#### Data extract
⟨
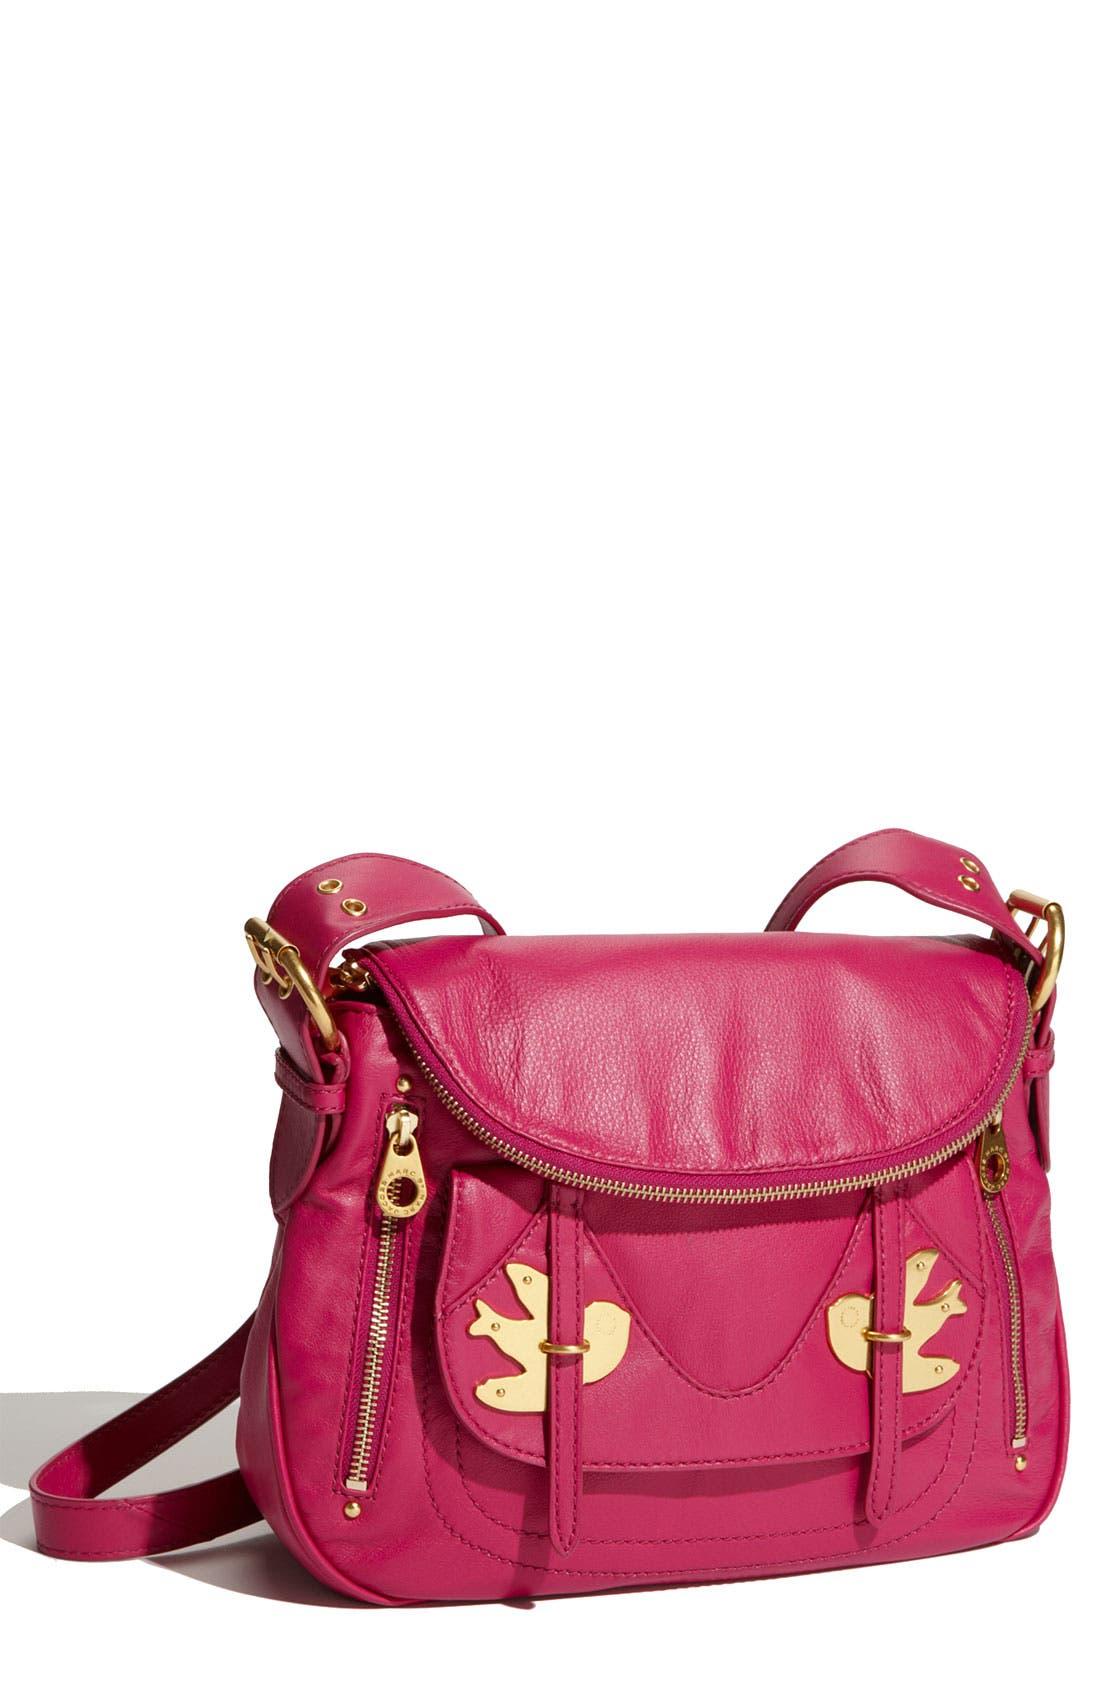 ,                             MARC BY MARC JACOBS 'Petal to the Metal - Natasha' Flap Crossbody Bag, Medium,                             Main thumbnail 41, color,                             650
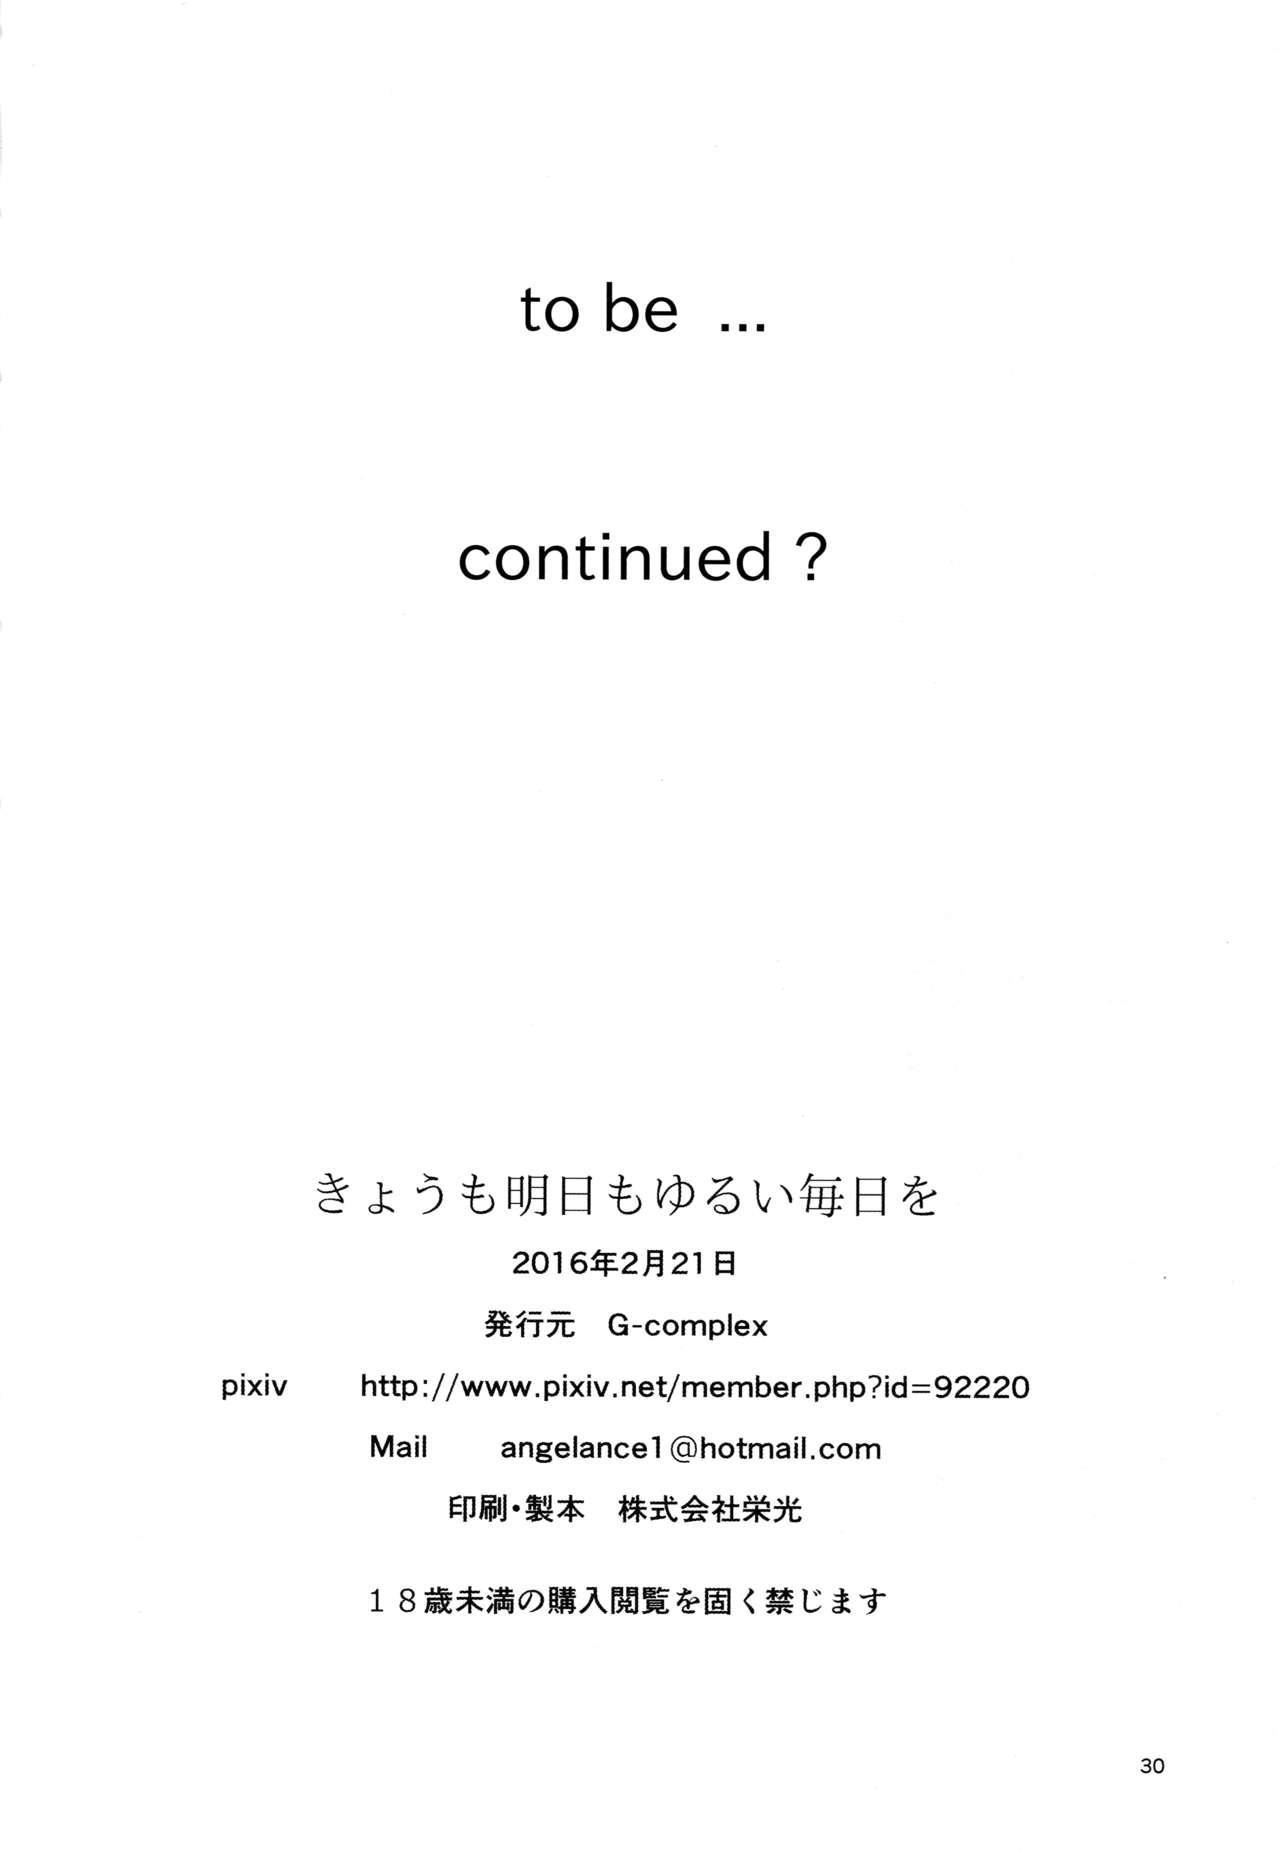 (Girls Love Festival 16) [G-complex (YUI_7)] Kyou mo Ashita mo Yurui Hibi o - Yui and Kyoko and forever loose day-to-day (YuruYuri) 28
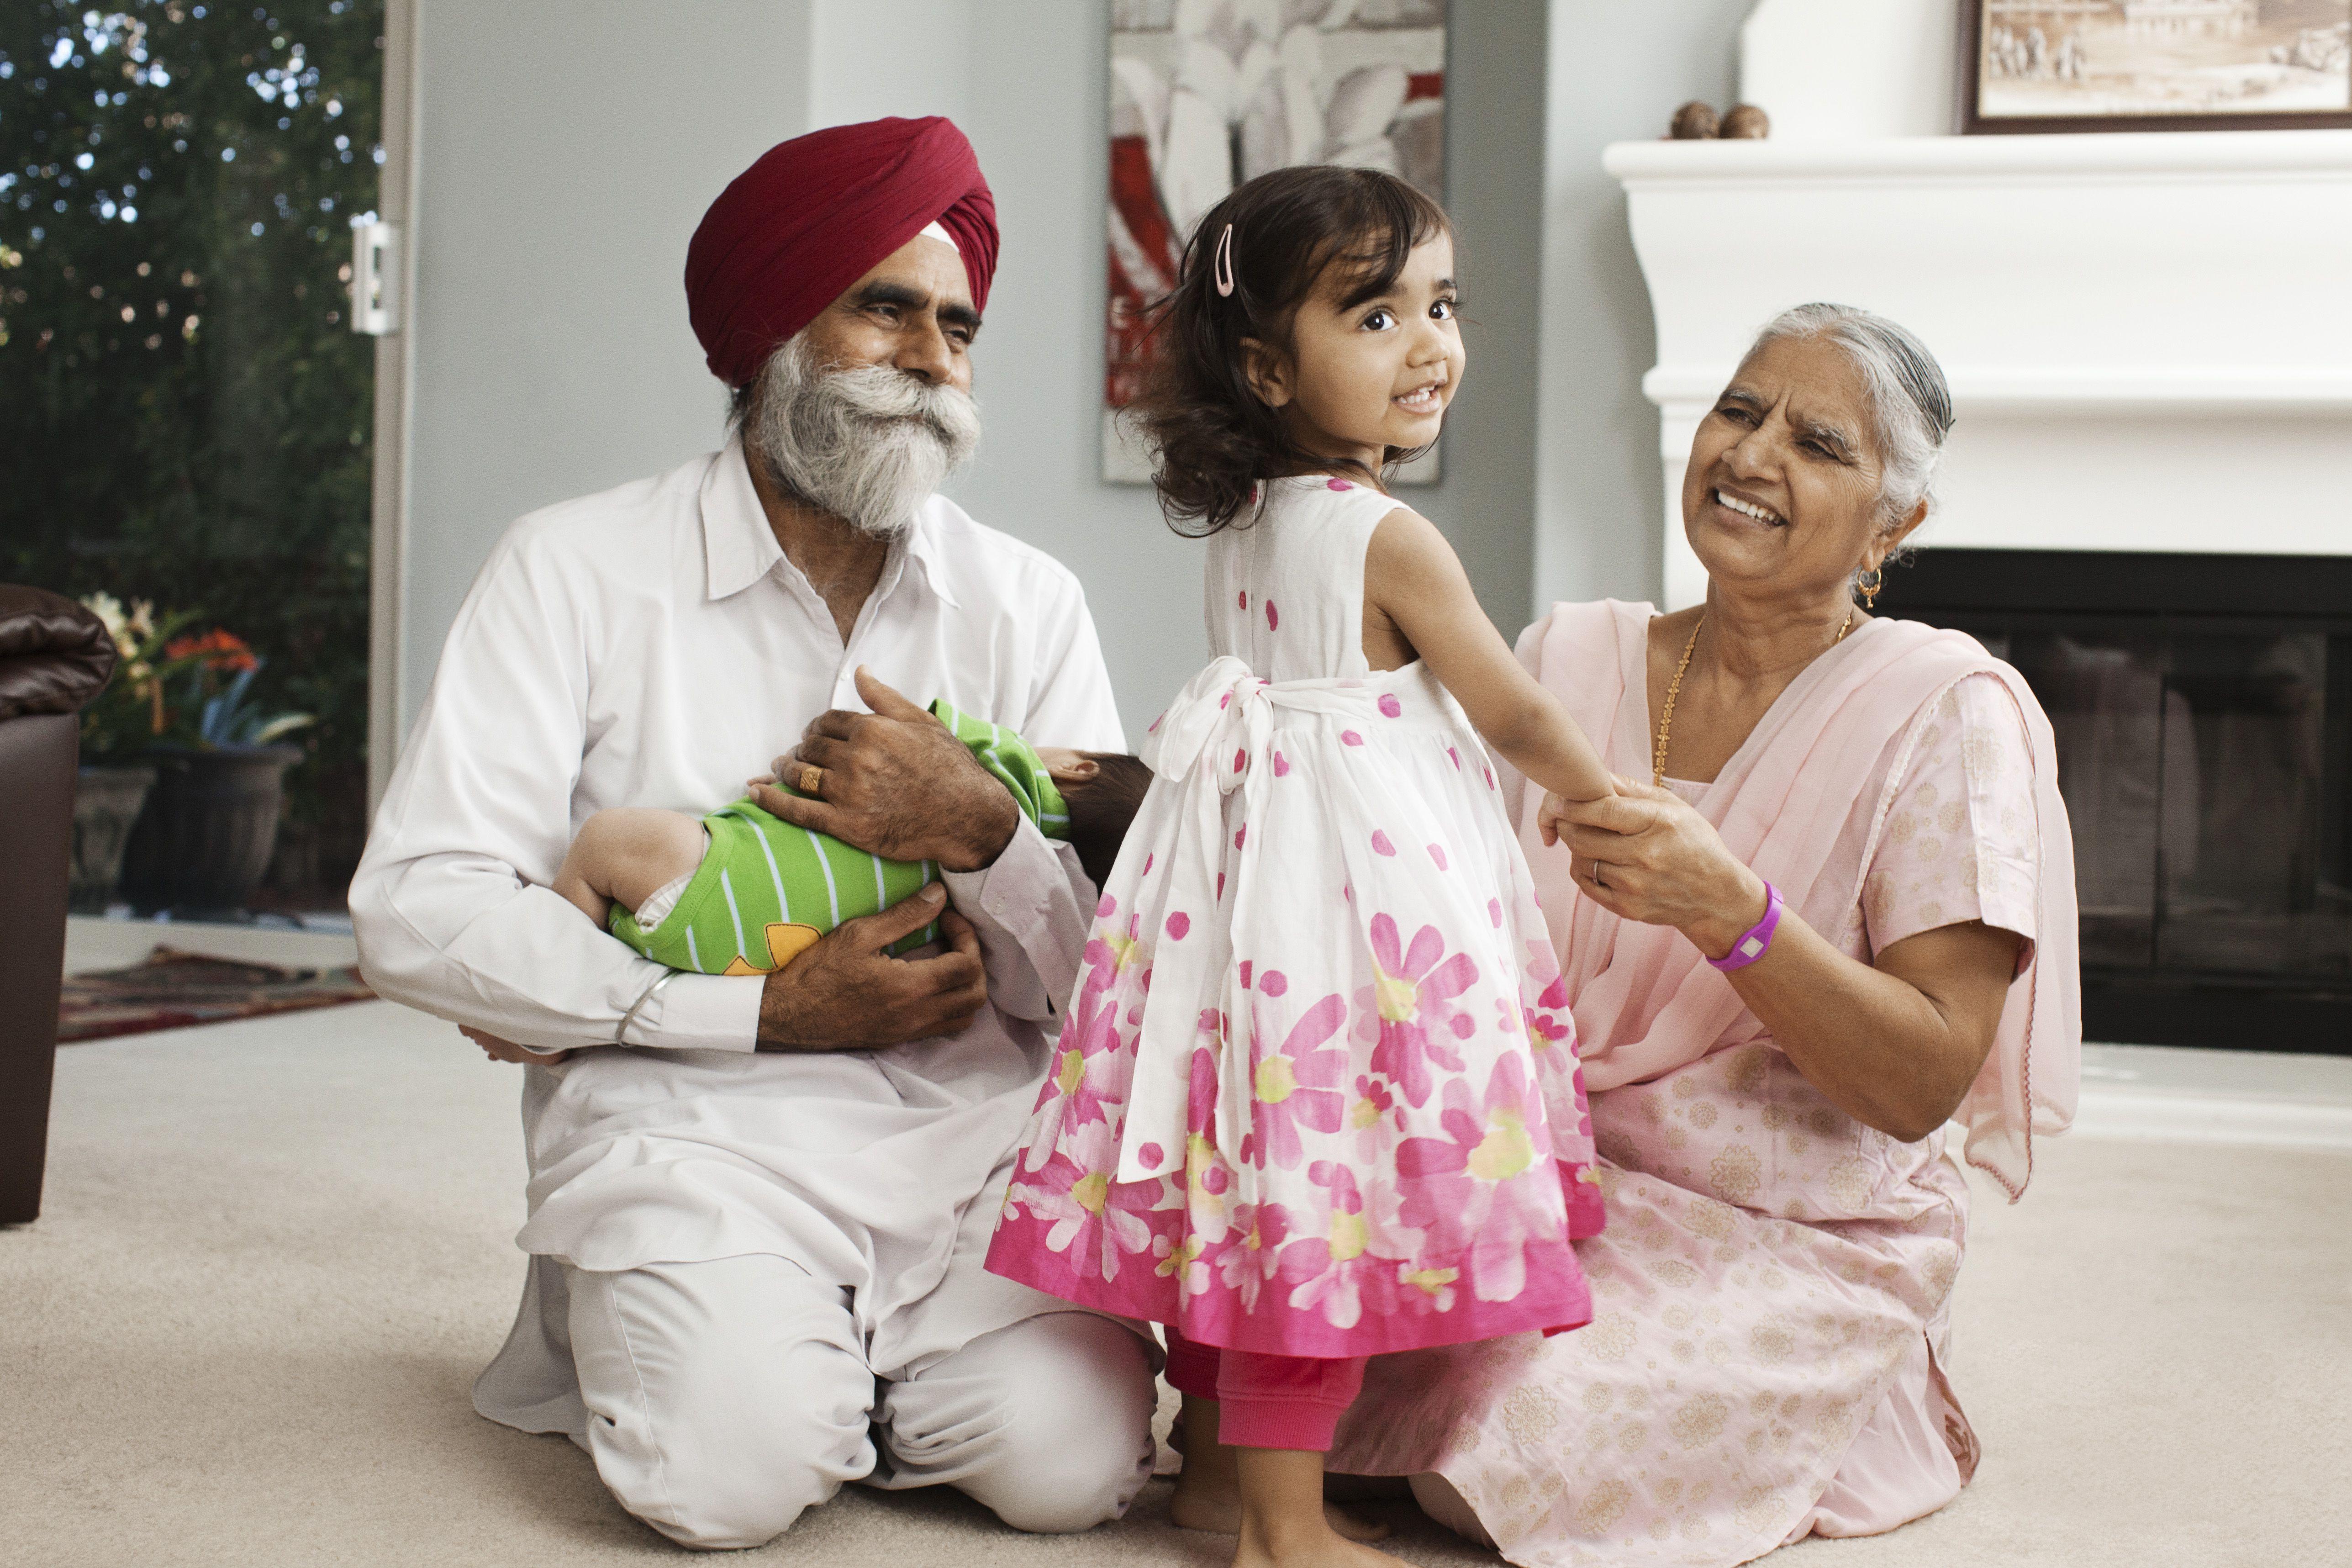 Asian grandparents in living room with grandchildren
⟩
Write the lines above out again exactly, excluding every picture.

 ,                             MARC BY MARC JACOBS 'Petal to the Metal - Natasha' Flap Crossbody Bag, Medium,                             Main thumbnail 41, color,                             650
 (Girls Love Festival 16) [G-complex (YUI_7)] Kyou mo Ashita mo Yurui Hibi o - Yui and Kyoko and forever loose day-to-day (YuruYuri) 28
 Asian grandparents in living room with grandchildren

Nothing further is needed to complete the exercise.